COS 435, Spring 2006 - Problem Set 2

Due at 11am, Thursday, March 9, 2006.

Collaboration Policy

You may discuss problems with other students in the class. However, each student must write up his or her own solution to each problem independently. That is, while you may formulate the solutions to problems in collaboration with classmates, you must be able to articulate the solutions on your own.


Lateness Policy

A late penalty will be applied, unless there are extraordinary circumstances and/or prior arrangements:


Problems

Problem 1

We have discussed in class that one of the benefits of latent semantic indexing is that it reduces the dimension of the document vectors.  A much simpler way to reduce the dimension is to reduce the number of terms.  Consider the following algorithm for choosing only K terms from among the full set of index terms as representative terms for a collection of documents:

  1. Compute the document frequency of each index term. (There is no need to use the log function; just compute the basic document frequency.)
  2. Sort the index terms by document frequency and find the median.
  3. Choose K index terms that have document frequency values equal to the median, breaking ties arbitrarily.  If there are not K terms that have the median value of document frequency, choose the first K terms in increasing order by document frequency that have document frequencies equal to or larger than the median.


Part a. There  is an example of the latent semantic indexing calculation for a matrix of 12 terms by 9 documents in the paper "Indexing by latent semantic analysis." by Deerwester, S. et. al. whose precision-recall results we looked at in class on 2/28/06.   The original matrix is in Table 2 on page 10.  It is presented as two groups of documents (c1-c5 and m1-4).  Execute the new algorithm described above for K=2 on the same example.  (You may do this by hand or write a short program in the language of your choice. An ascii file of the 0/1 entries of the 12 rows × 9 columns matrix can be found here.) What are the two terms used?  

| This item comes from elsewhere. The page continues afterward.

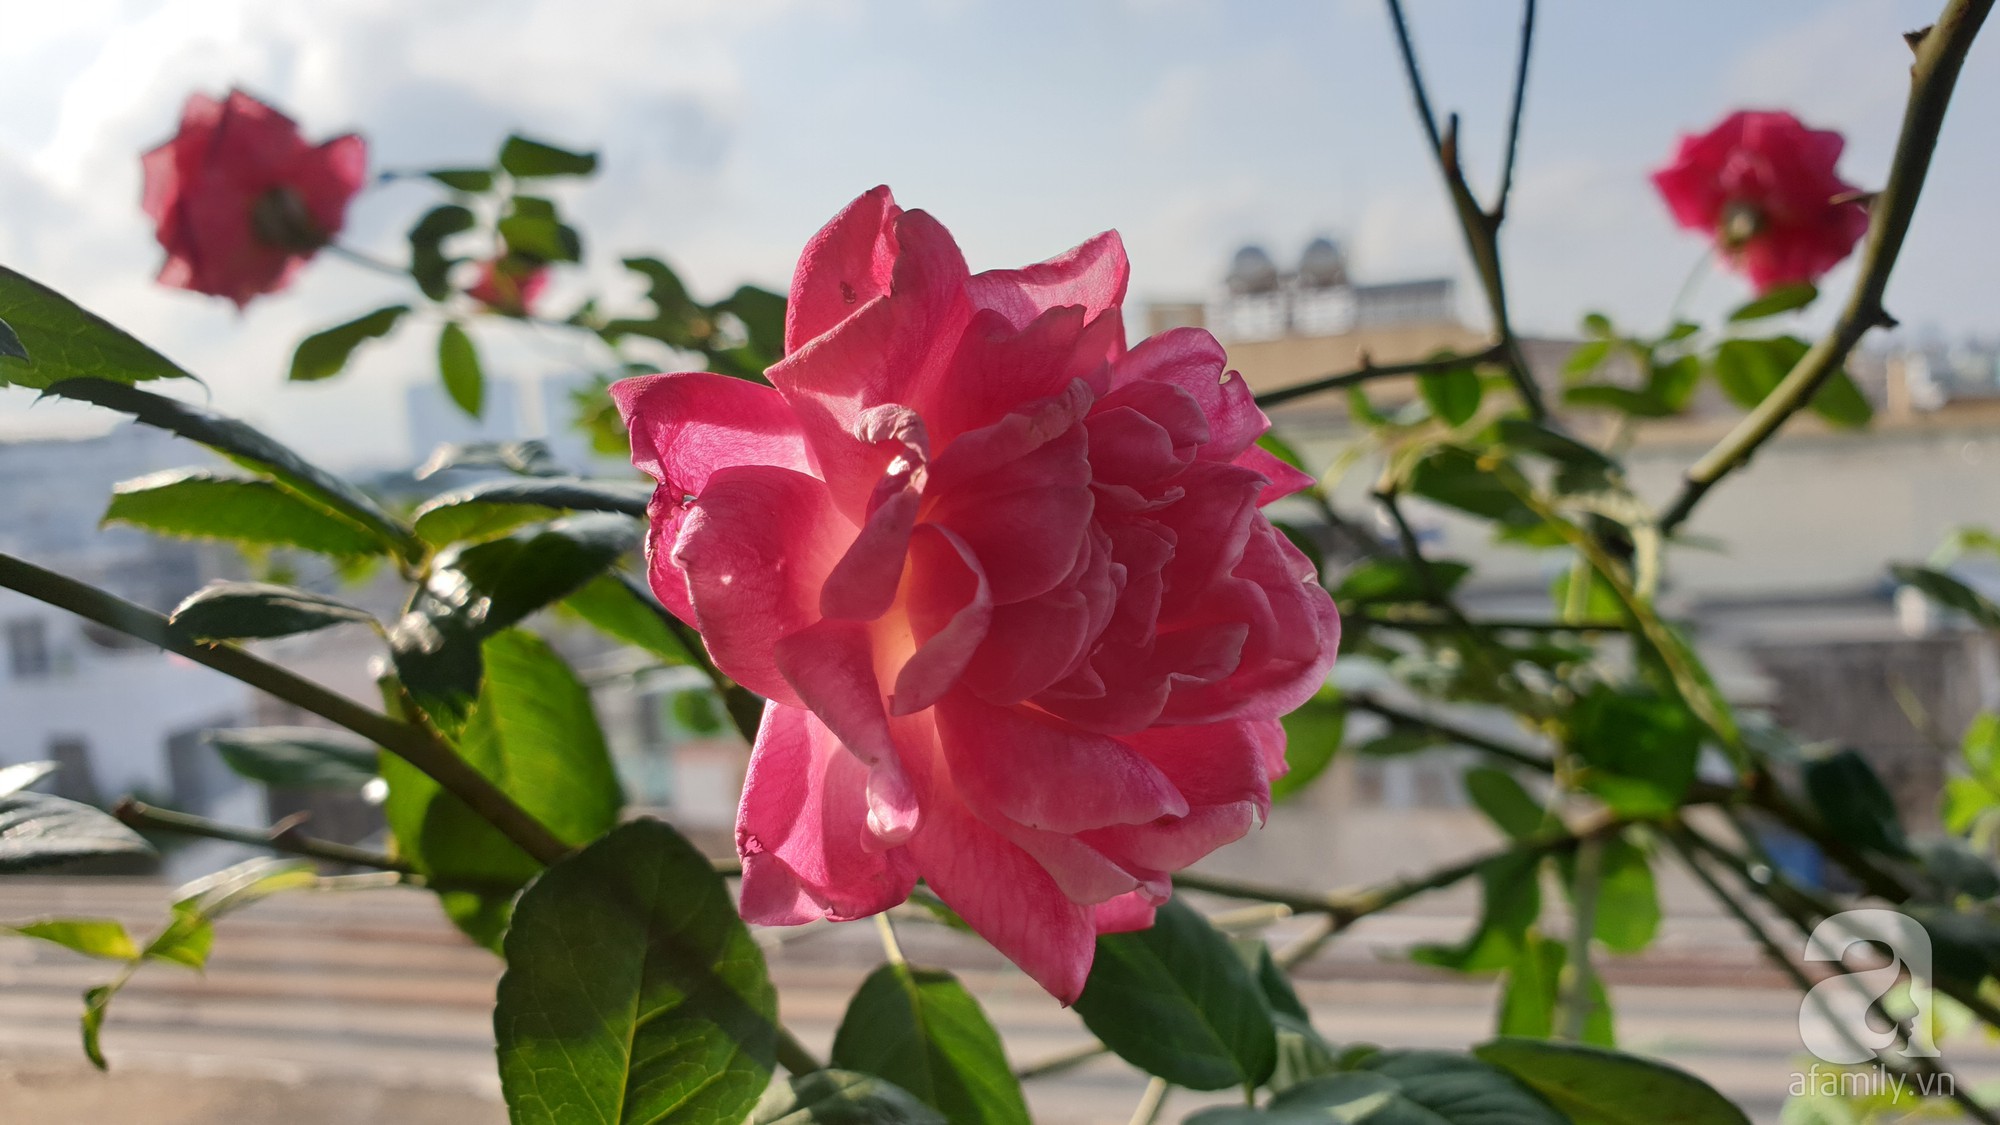 Vườn hồng trên sân thượng rực rỡ sắc màu của chàng trai 8x siêu đảm ở Sài Gòn - Ảnh 15.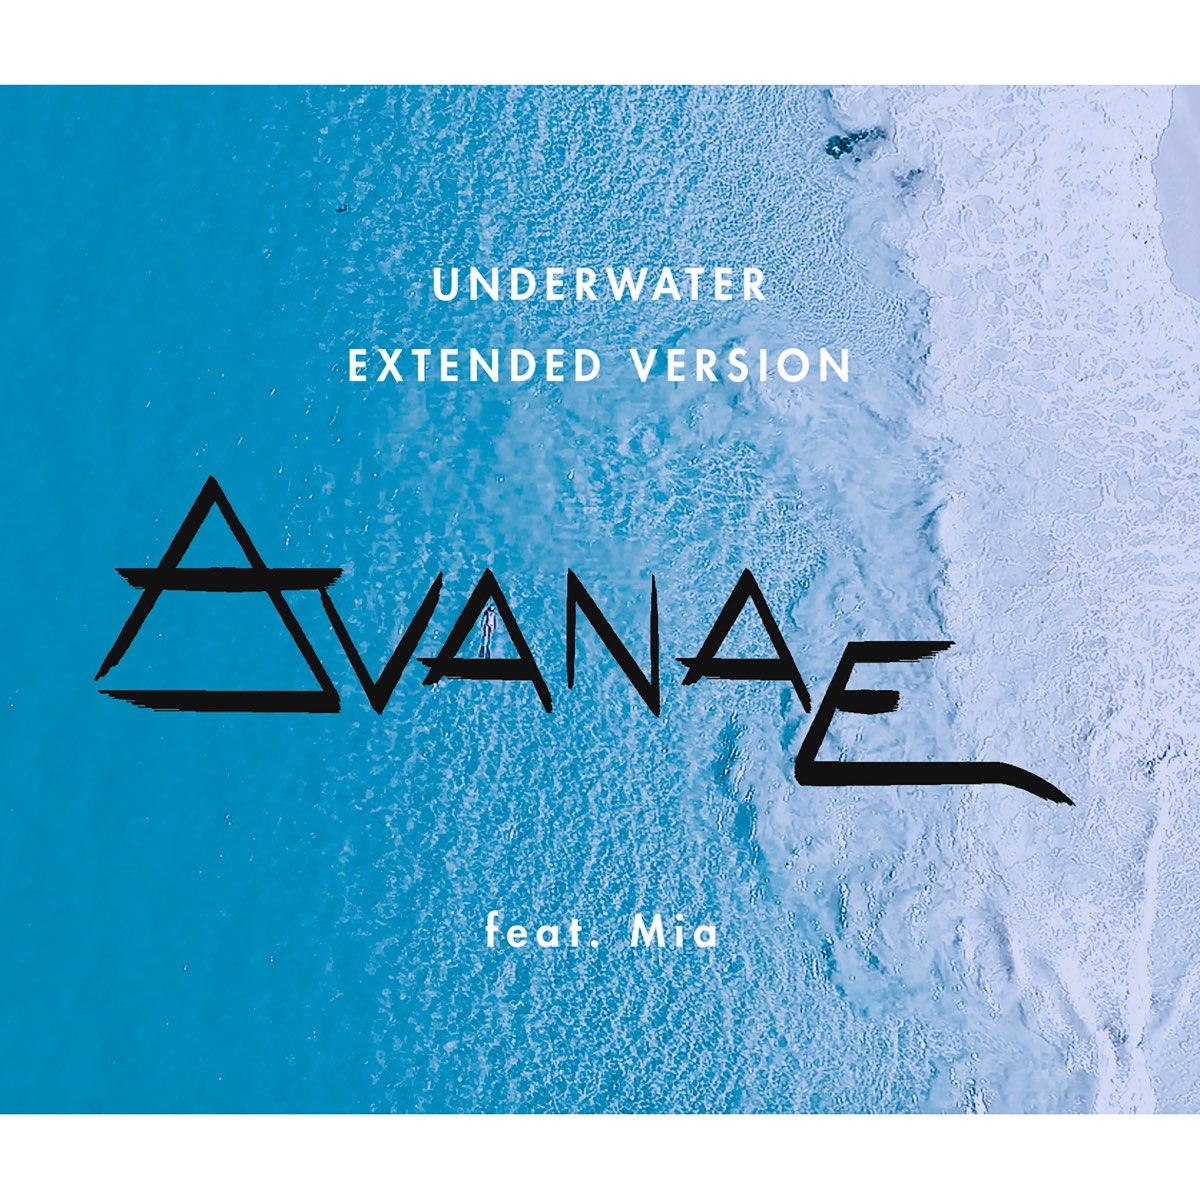 Mias feat. Underwater альбом обложка. Underwater группа. Underwater рэп группа.

Part b.  Is the new algorithms successful on the example of Part a? What are you using as criteria for success?   How does the result compare
to the rank 2 latent semantic indexing representation presented in the paper?  (You will find the actual final decomposition for rank 2 LSI in the paper's Appendix and find plots of terms and documents in the 2 dimensions within the paper.  Note that the paper uses different notation than we used in class: they use X= TSDT to denote the SVD and we used D=KSP, "D" playing a different role in our notation. )

Part c.  What characteristics should a collection of document have to have the best results from using only a subset of the index terms as described above?  Are certain values of K better than others?

Problem 2 What is the computational cost (running-time) of doing a comparison of a query to all documents after latent semantic indexing has been used to express the term-document matrix D in terms of matricies Ks, Ss, and Ps for the rank-s approximation  (using our class notation)? Do not include the preprocessing cost to find matrices Ks, Ss, and Ds. You should list each step of the computation to compare a query expressed as a vector of weights for t index terms to all N documents. Your analysis should be in terms of t, N, and the reduced rank s after latent semantic indexing as been applied.


Problem 3
Consider a hybrid query denoted (t1, t2, ... tk, MUST(s1, s2, ... sm)), where t1, ... tk and s1, ... sm are index terms. The semantics of this query is that only documents containing all terms s1, s2, .. sm are considered matches to the query. These matching documents are ranked by considering the index terms t1, ..., tk and using a tf.idf ranking. Note that if one wishes to use a term both for filtering and for ranking, the term must be listed among the si and the tj, respectively.